The real problem comes from LLMs happily not just giving you code but also test cases. The same prudence applies as with test cases someone added to a PR/MR: just because there are tests doesn't mean they're good tests, or enough tests, review them in the assumption that they're testing the wrong thing entirely.

homelessgolden a day ago

[dead]

  • sfink a day ago

    I don't care about the programmers who can't write FizzBuzz. Why should I? If I employed them, they were costing me money. If I worked with them, they were costing me time and hair follicles. I need them about as much as I need a buggy whip.

    The linked article makes the claim that the majority of comp sci majors cannot write FizzBuzz. That's a bold assertion; how did the author sample such people? I suspect the sample pool was people applying for a position. There is a major selection bias there. First, people who fail many interviews will do more interviews than those who do not fail, so you'll start with a built-in bias towards the less competent (or more nervous).

    Second, there is a large pile of money being given to people who make it over a somewhat arbitrary bar. As a random person, why would I not try to jump over the bar, even if I'm not particularly good at jumping? There are a lot of such bars with a lot of such large piles of money behind them. If getting a chance at jumping over those bars requires me to get a particular piece of paper with a particular title printed at the top of it, I'll be motivated to get that piece of paper too.

    • zahlman a day ago

      > Second, there is a large pile of money being given to people who make it over a somewhat arbitrary bar.

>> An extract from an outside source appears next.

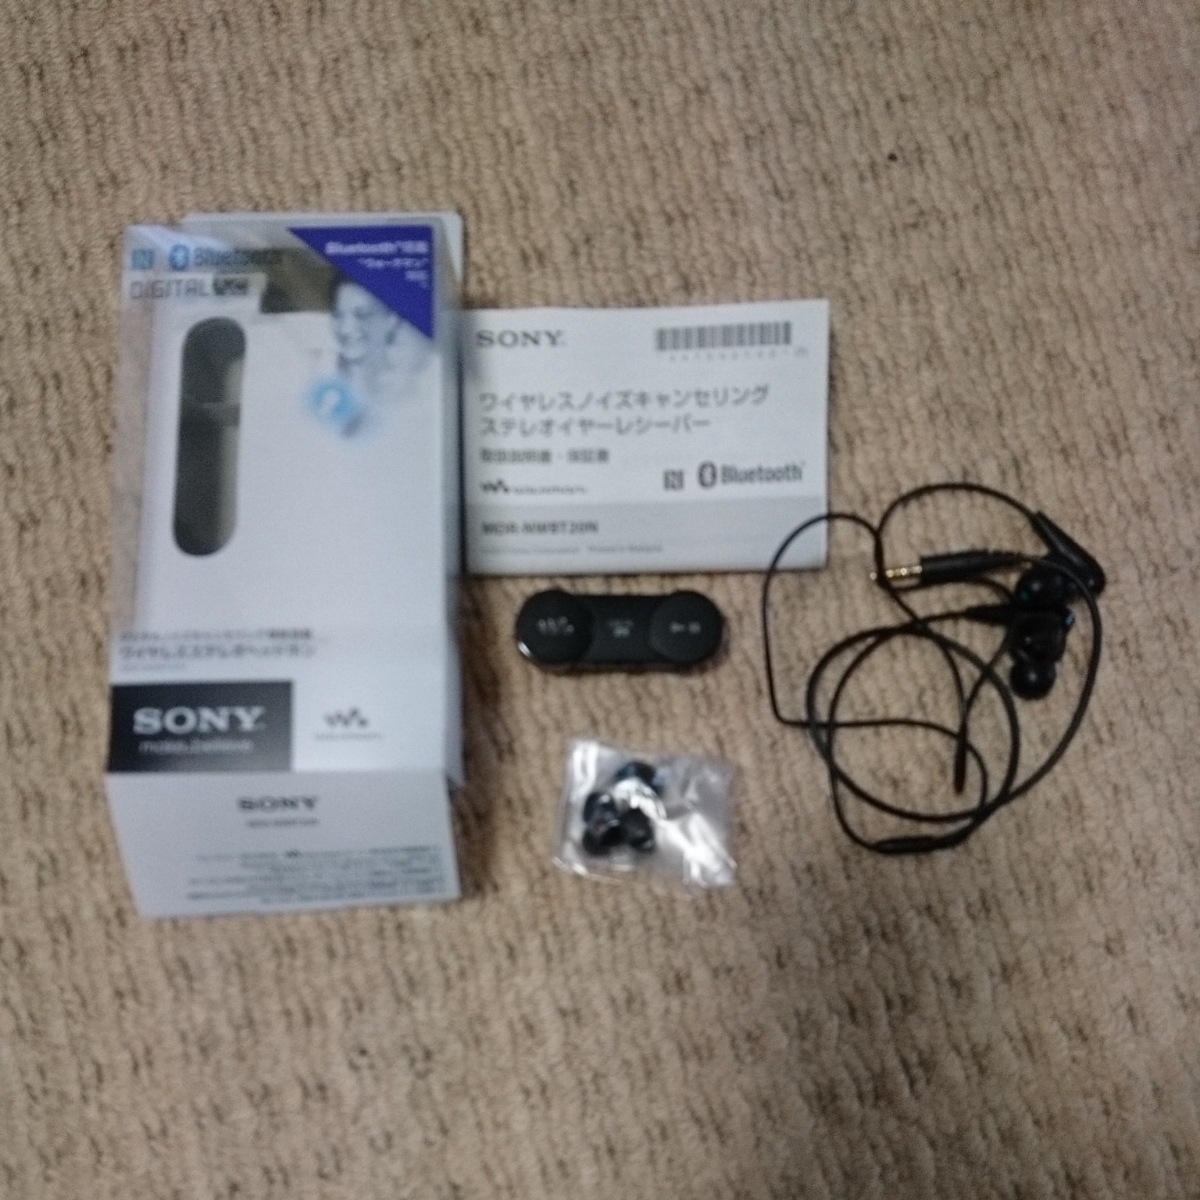 mdr-nwbt 20n索尼SONY無線降噪立體聲耳機接收器藍牙    原文:mdr-nwbt20n ソニー SONY ワイヤレスノイズキャンセリングステレオイヤーレシーバー Bluetooth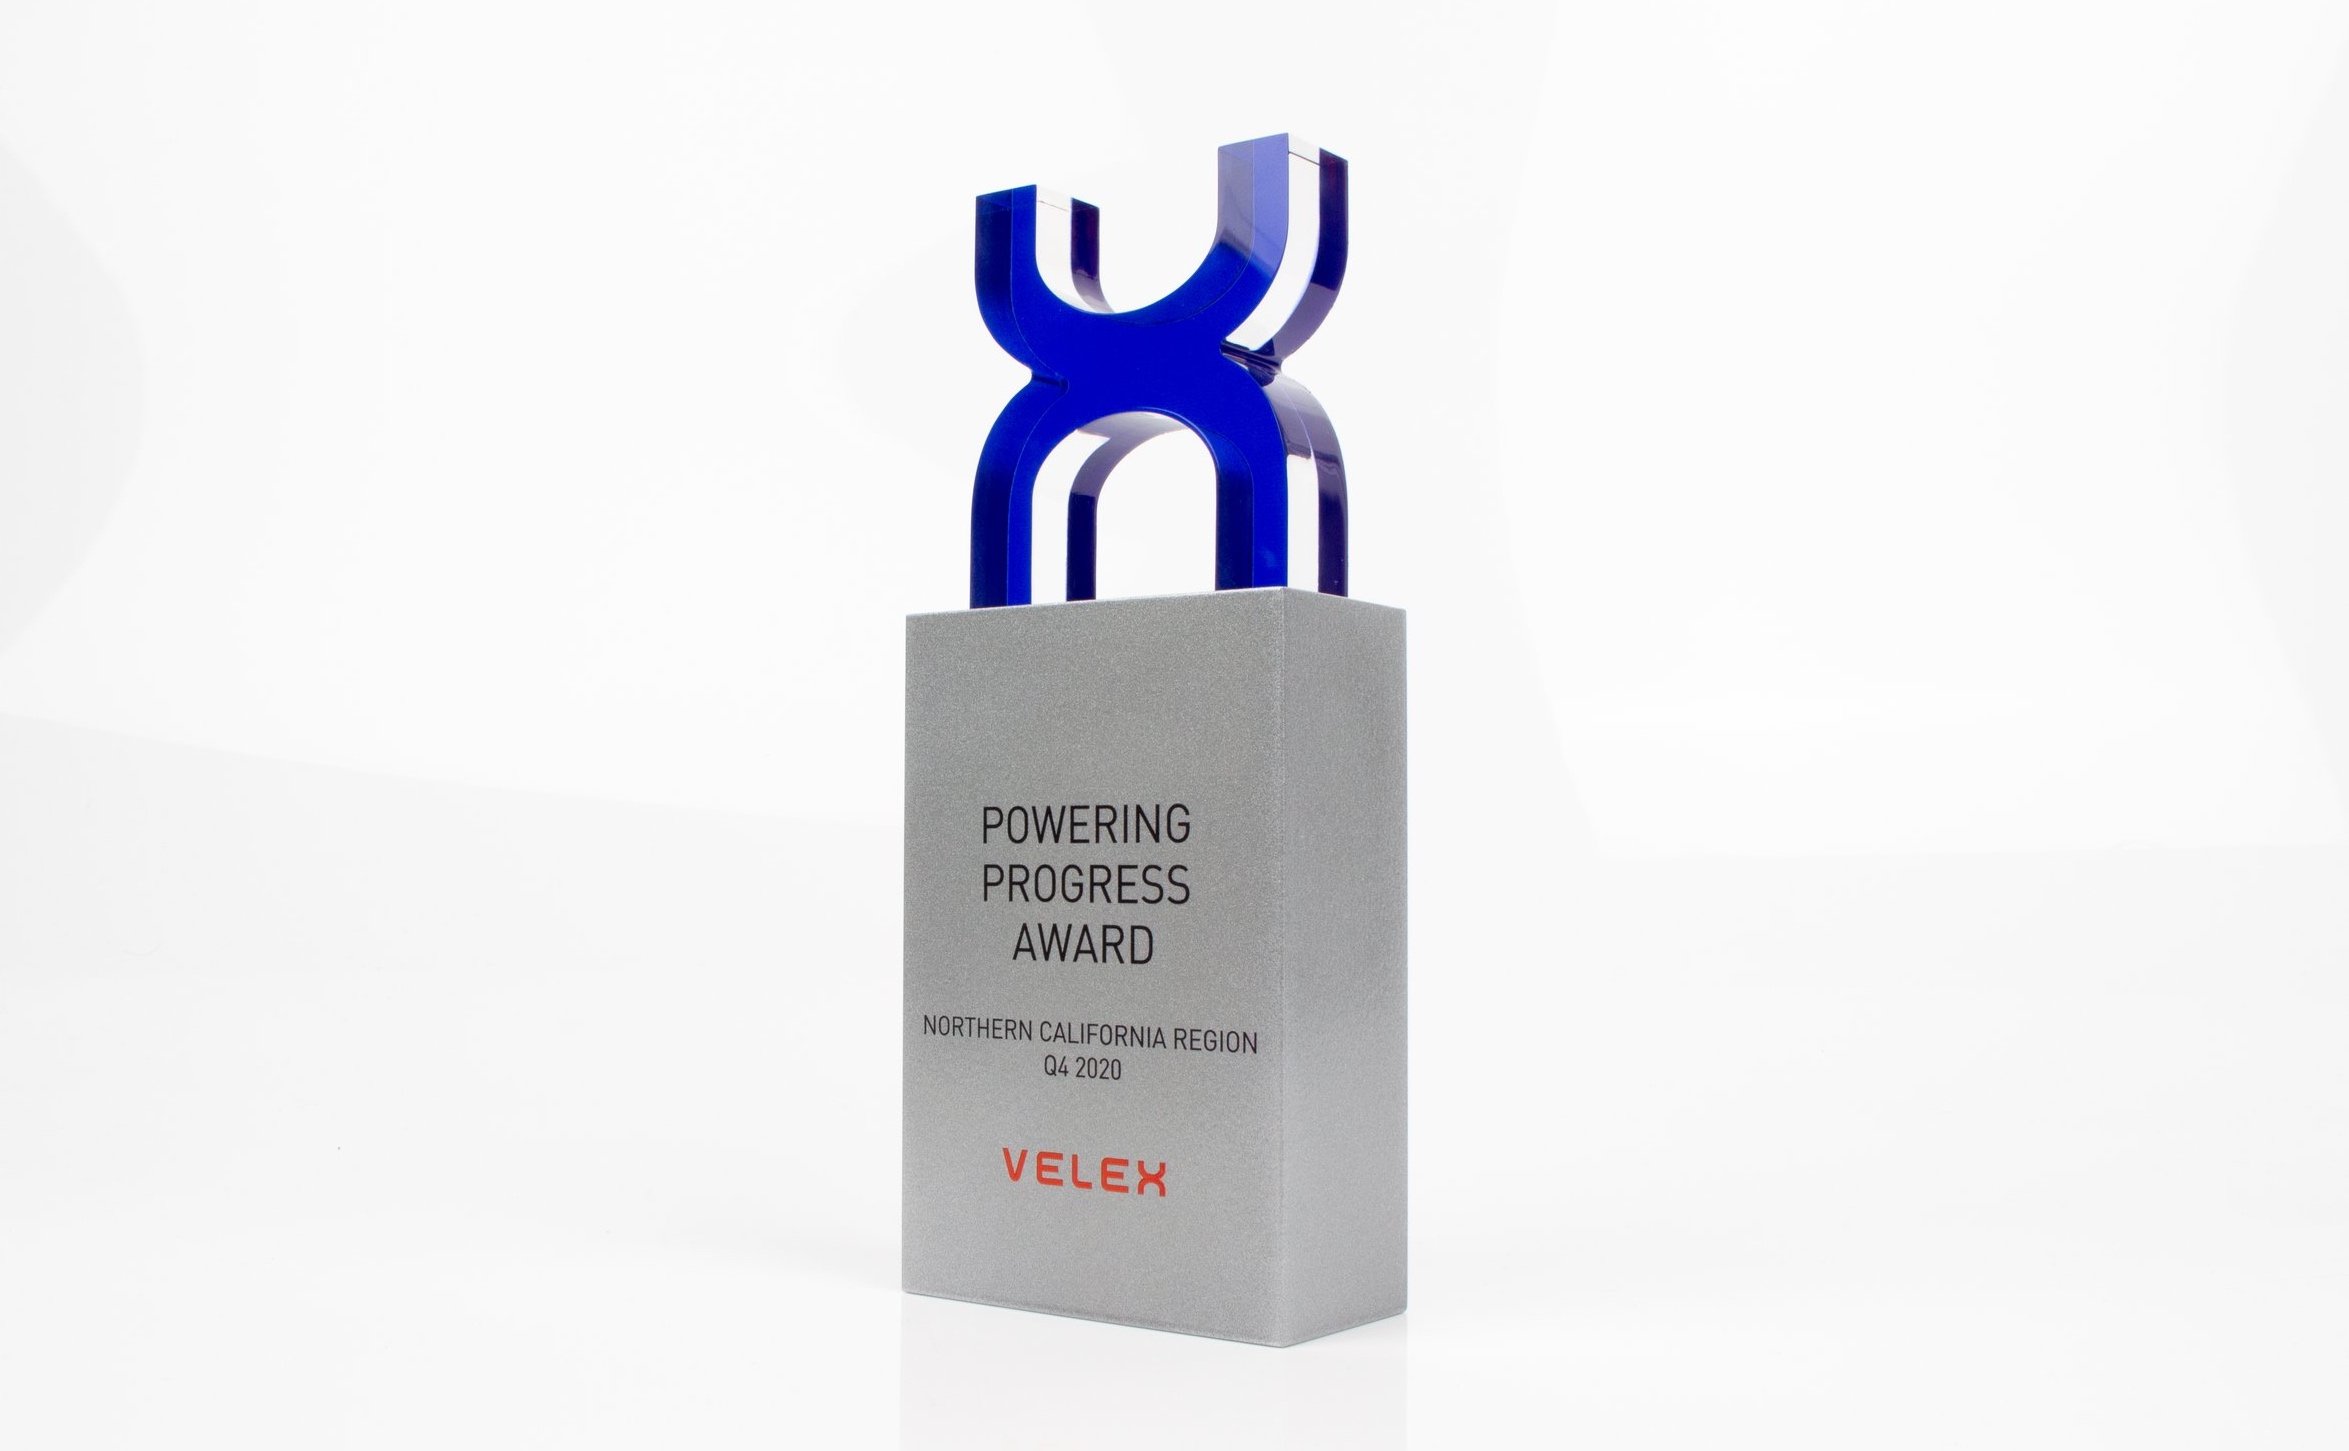 velex powering progress awards custom award 2

As a random person, why would I not try to jump over the bar, even if I'm not particularly good at jumping? There are a lot of such bars with a lot of such large piles of money behind them.

      Why don't we see job positions for doctors and lawyers similarly flooded, then?

      • sfink a day ago

        Because there is a high barrier to entry. In the US, at least, there was also an explicit policy and set of mechanisms to limit supply of doctors: https://www.advisory.com/daily-briefing/2022/02/16/physician...

        For lawyers, there is an oversupply of the most lucrative segments, and an undersupply everywhere else: https://www.ajs.org/is-there-a-shortage-of-lawyers/

        But in both cases, there just isn't some low bar that you can finagle your way over and get to the promised riches. Lawyers have a literal Bar, and it isn't low. Doctors have a ton of required training. Both have serious certification requirements that computer science professionals do not. Both professions support my point.

        Furthermore, incompetent lawyers face real-world tests. If they lose their cases or otherwise screw things up, they are not going to be raking in the money. And people are trying their best to flood the doctor market, by inventing certifications that avoid the requirements to be a physician and setting themselves up as alternative medicine specialists or naturalists or generic "healers" or whatever. (I'm not saying they're all crap, but I am saying that unqualified people are flooding those positions.)

        • zahlman a day ago

          >I'm not saying they're all crap, but I am saying that unqualified people are flooding those positions.

          That's the part I'm wondering about. Because it seems like I don't hear reports from people who would hire doctors and lawyers, of having to deal with that.

  • zahlman a day ago

    >the majority of programmers can’t write FizzBuzz

    How did they get through the Leetcode-style interviews before LLMs and remote interviewing?